I worked with a woman who had a compulsion to check the stove twenty times before leaving the house. She said she knew it was irrational, but she could not stop. I told her that her checking was a sign of a very responsible person and that the twenty checks were likely not enough given the age of her house. I instructed her to check it exactly forty times, and to keep a log of the temperature of the burner each time. By the time she reached the thirtieth check, the task had become so tedious that the anxiety of the fire was replaced by the boredom of the routine. She stopped checking because she could no longer stand the task I had given her. You provide the ordeal that makes the symptom too expensive to maintain. We do not seek to understand the history of the stove checking. We seek only to change the sequence of the behavior in the present. This focus on the here and now is what distinguishes our work. You are not a historian of the client’s misery. You are the architect of their new behavior. Every word you speak must be calculated to produce a response. If a sentence does not serve the strategy, you do not say it. If an intervention does not move the hierarchy, you do not use it. We are looking for the smallest change that will produce the largest result. This is the principle of economy in strategic therapy. You do not need a sledgehammer to break a lock if you have the right key. The paradox is that key. It fits the lock because it was cut from the same metal as the resistance. When the client says yes but, they are giving you the blueprint for the key. You only have to listen and then repeat their own logic back to them in a way that makes the logic impossible to follow. This is how you reclaim the power in the room and how you help the client reclaim the power in their life. We observe that when the struggle for control is removed from the clinical relationship, the client is finally free to use that energy for something other than fighting. You are now ready to begin identifying these patterns in your own practice.
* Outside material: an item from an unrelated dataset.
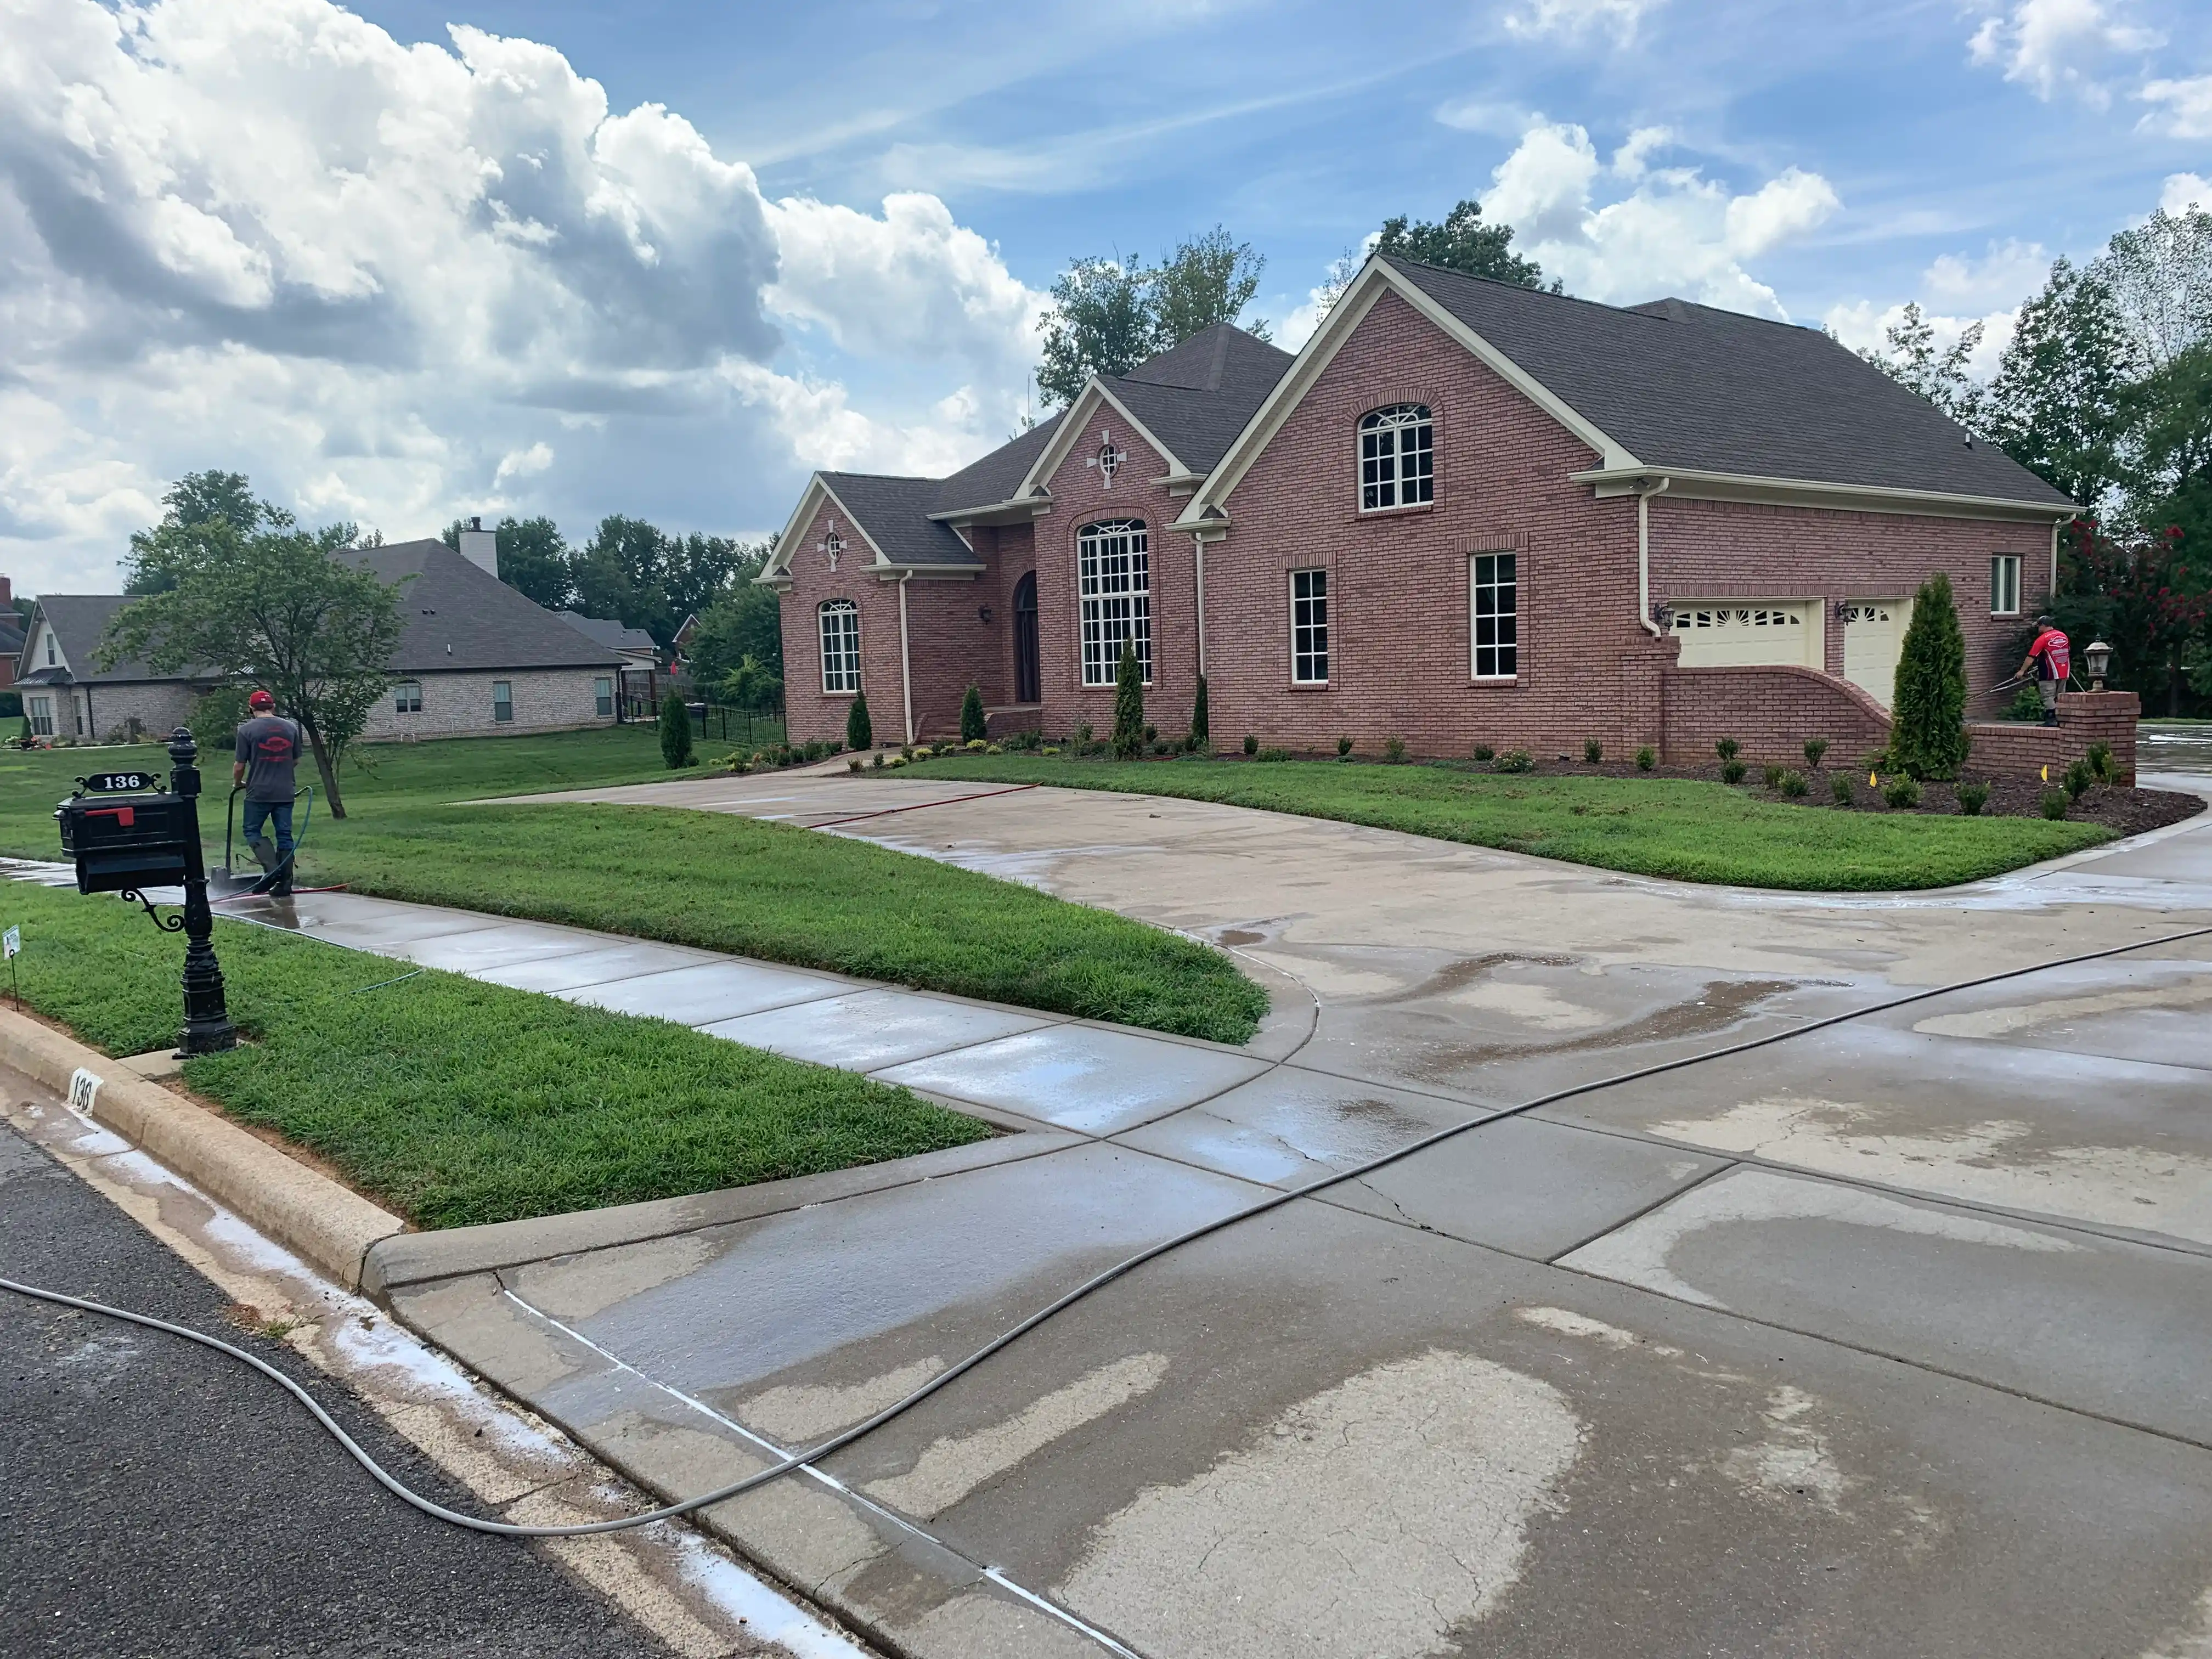 Driveway and Sidewalk Cleaning for Oakland Power Washing in Clarksville, TN
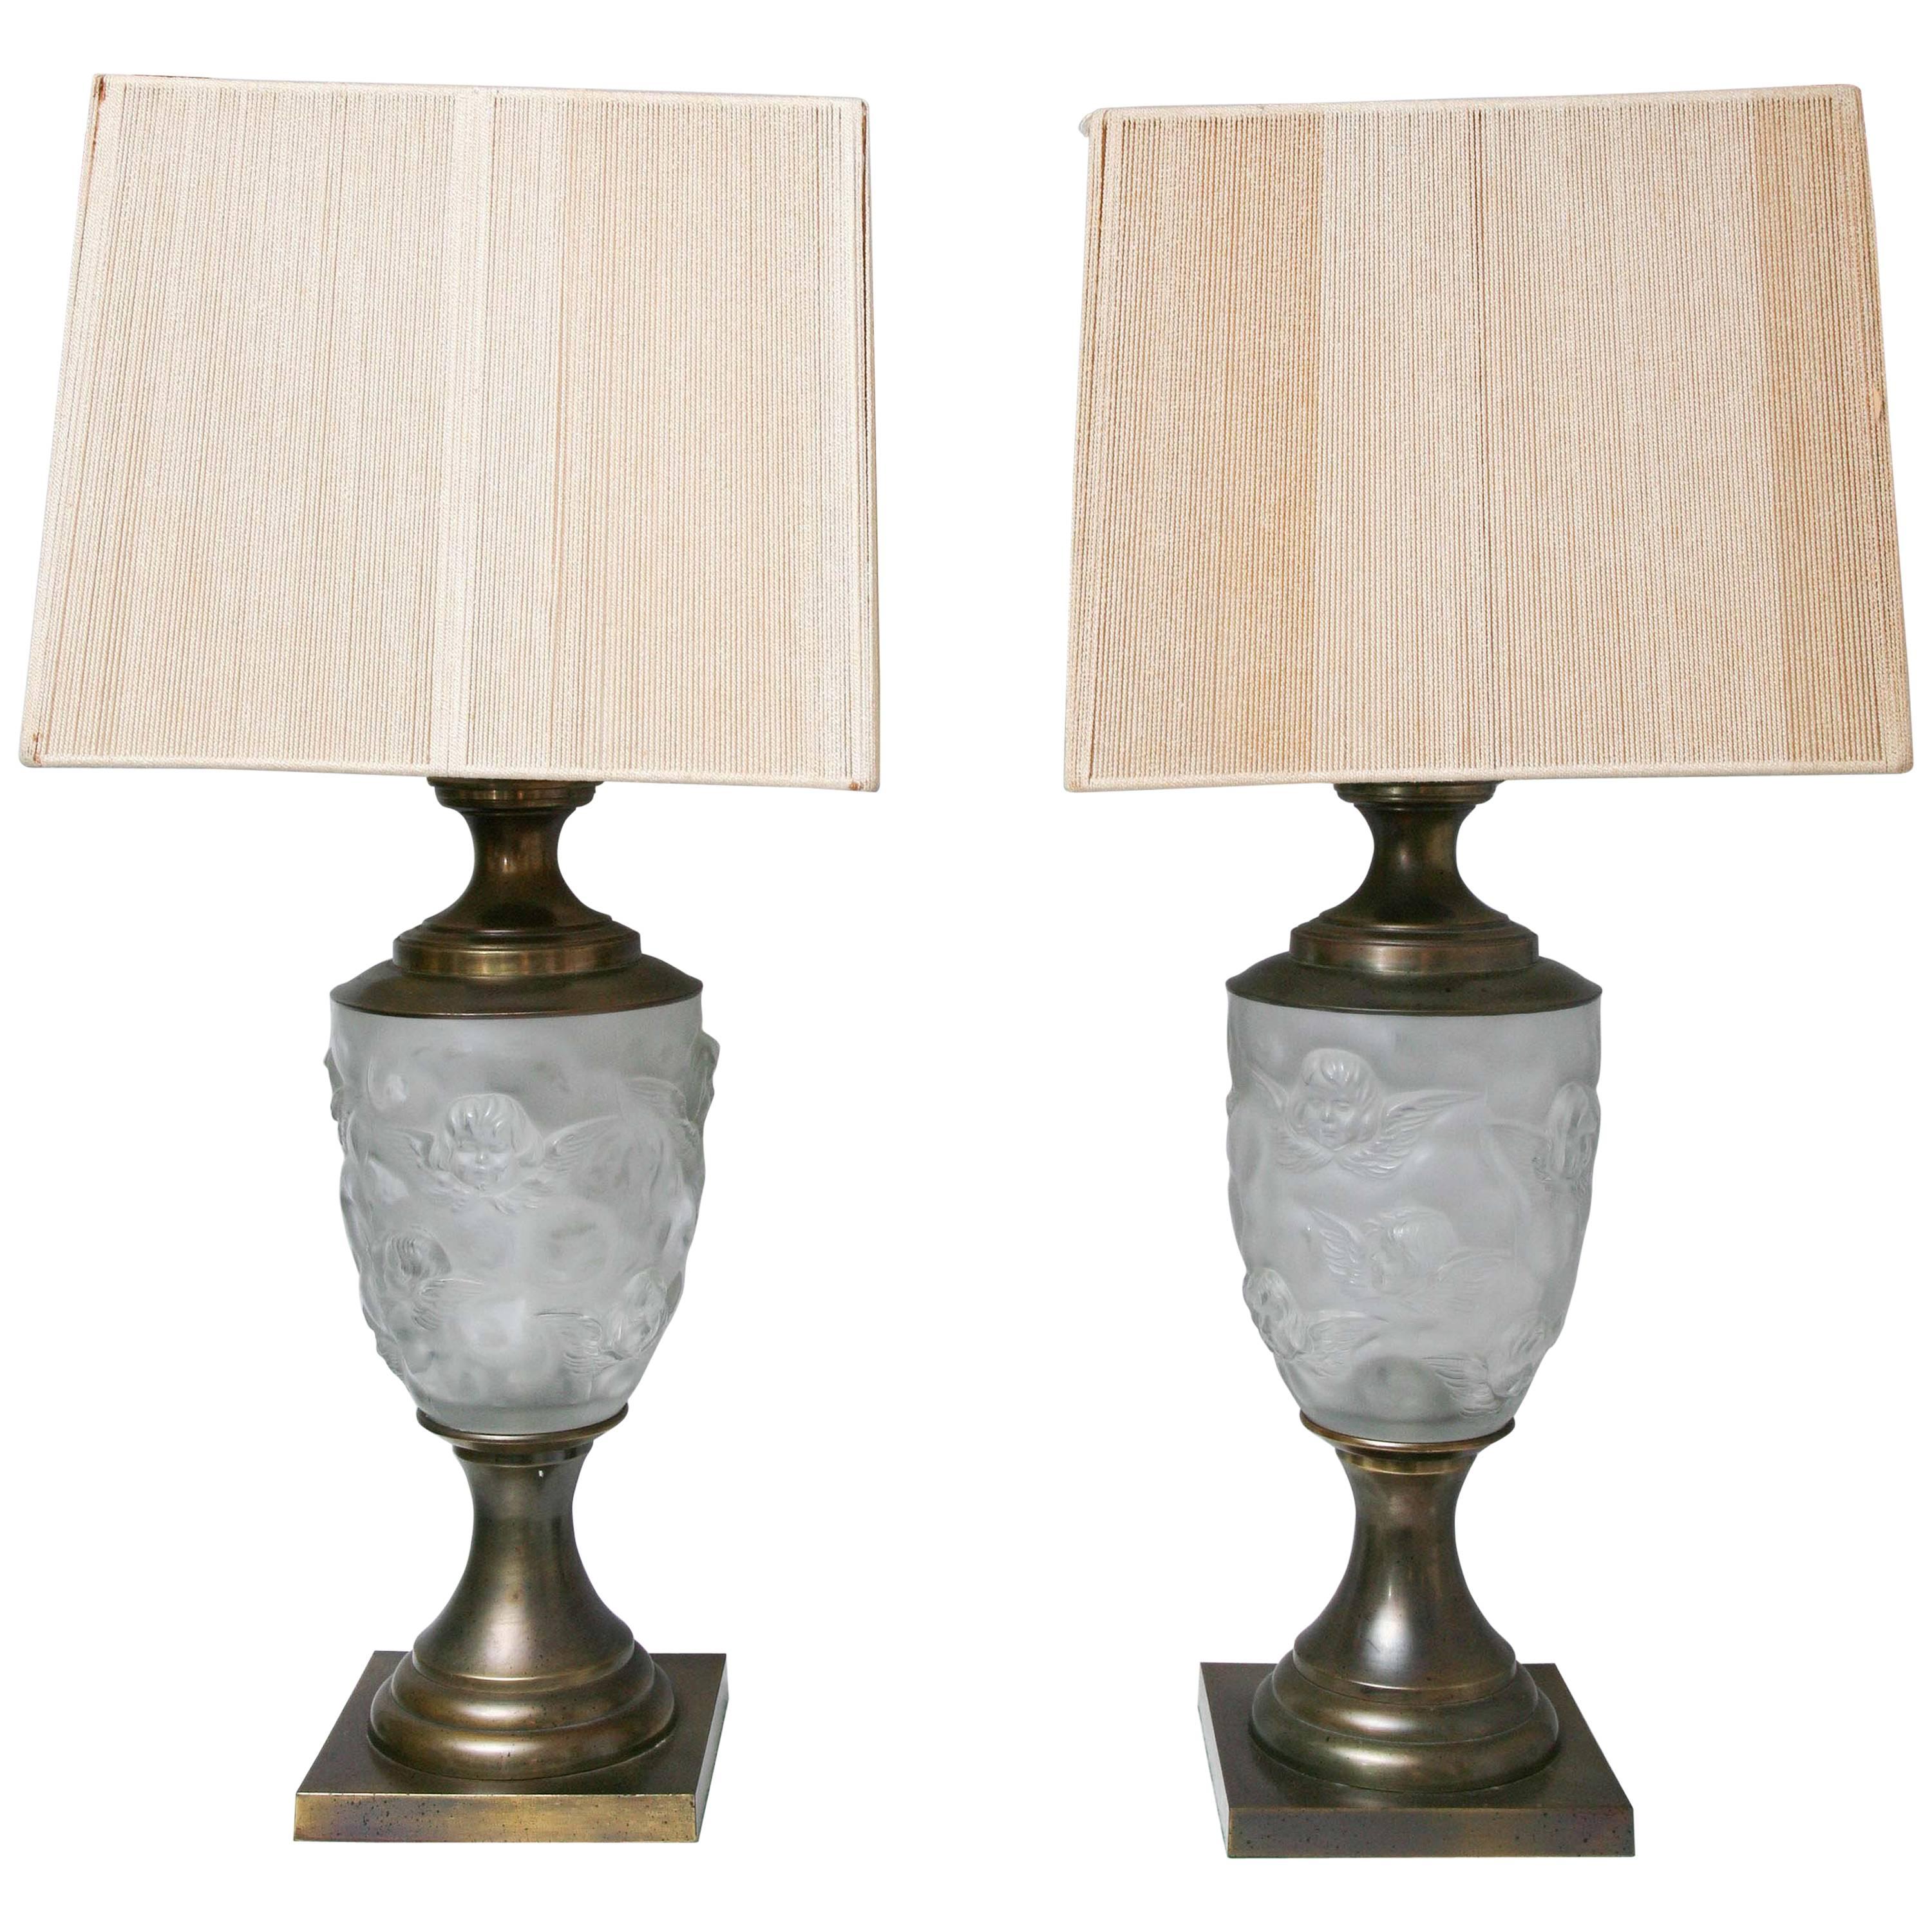 Pair of Hollywood Regency Lalique Style Brass / Glass Putti Table Lamps, Elegant For Sale

We often encounter clients who present a problem while simultaneously working to prove that no solution exists. If you accept the role of the expert who provides answers, you provide the client with a target for their resistance. You must instead position yourself as someone who is intensely curious about why the client should not change too quickly. I once worked with a woman who complained of chronic insomnia but rejected every suggestion about light levels or evening routines. I stopped offering suggestions and instead expressed my concern that if she started sleeping well, she might lose the quiet hours of the night she used to think about her life. I told her that her insomnia was a protective mechanism for her creativity. She spent the next ten minutes arguing that her lack of sleep was a disaster, which is exactly where I wanted her. By taking the position that her problem had value, I forced her to take the position that it was a problem she needed to solve.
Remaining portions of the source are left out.